And oh yeah. Guilty myself.

------
WalterBright
My father left me several hundred 6 hour VHS tapes. I had no idea what was on
them because he'd kept an index, but it was mostly missing.

There was a lot of interesting random stuff on them, mostly from the 80's. The
bits of stuff he recorded is like a peek inside his brain :-)

------
mml
The "removed a rib" thing was started by Gabriele D’Annunzio, father of
Italian fascism.

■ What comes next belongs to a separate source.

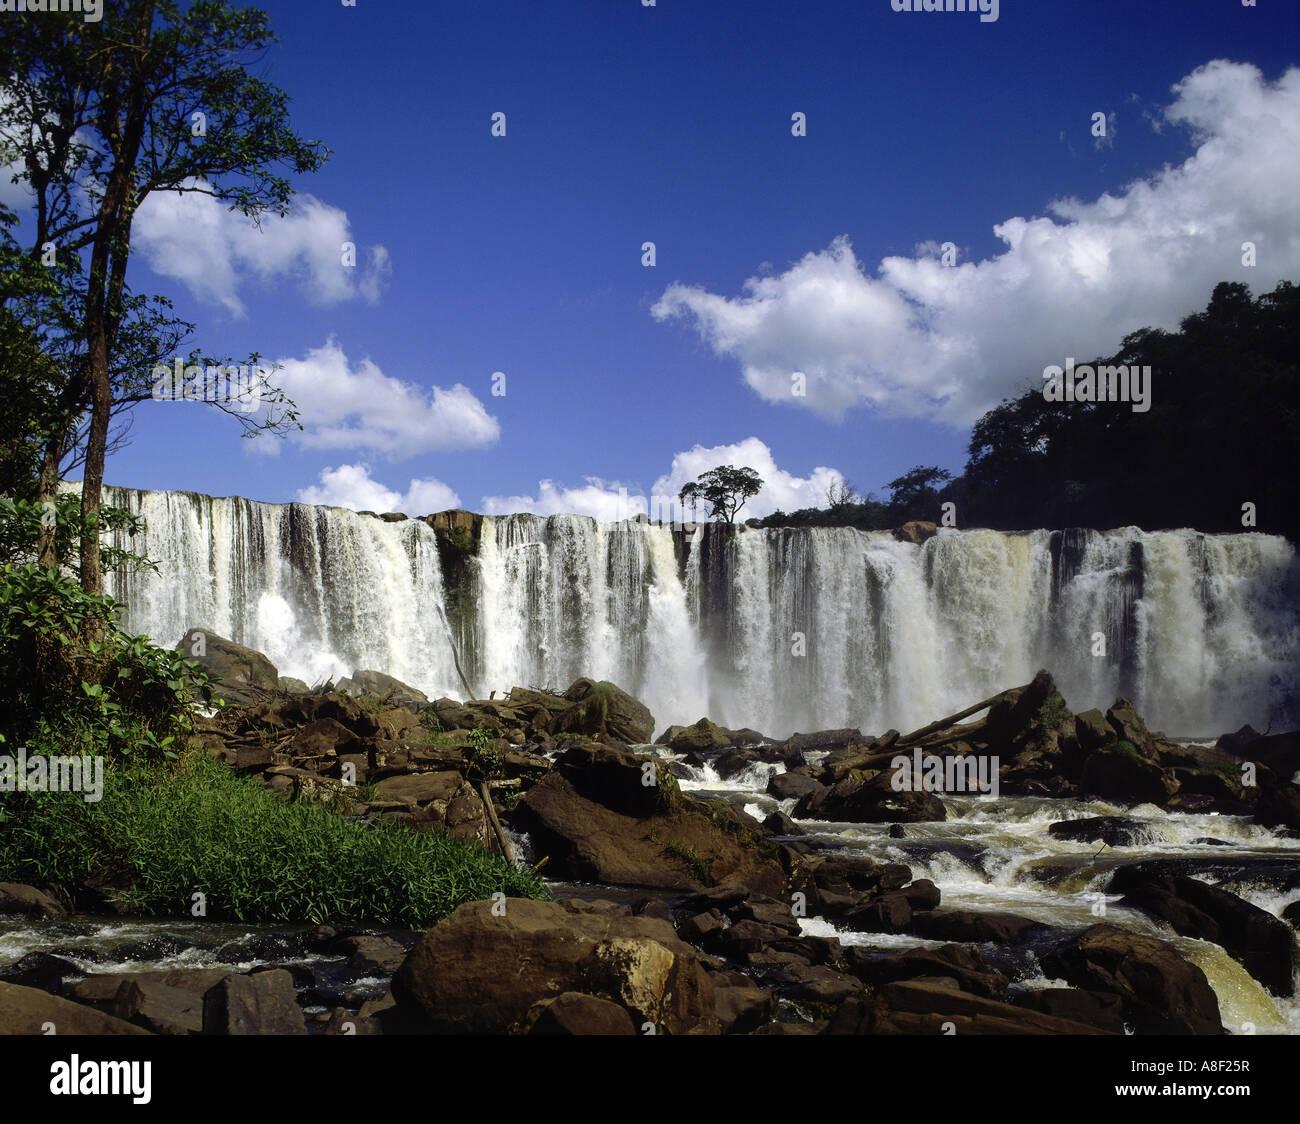 Geography Travel Brazil Landscapes Parana Waterfalls

Most likely untrue, but a rumor also most likely to be spread
by its subject.

Check out [https://www.stitcher.com/podcast/behind-the-
bastards/e/66732...](https://www.stitcher.com/podcast/behind-the-
bastards/e/66732817?autoplay=true) for the details behind this truly unlikely
person.

------
csours
Red Letter Media fans rejoice!

[https://www.youtube.com/watch?v=_igaLv7ro8o](https://www.youtube.com/watch?v=_igaLv7ro8o)

------
olivermarks
What is the copyright situation with these tapes? I get the value of archiving
and preserving digitally but if I'd invested time and money creating a vhs
catalog of titles I'd be unhappy to see them suddenly all over youtube
(assuming they had some appeal of course) with no ability to profit from them.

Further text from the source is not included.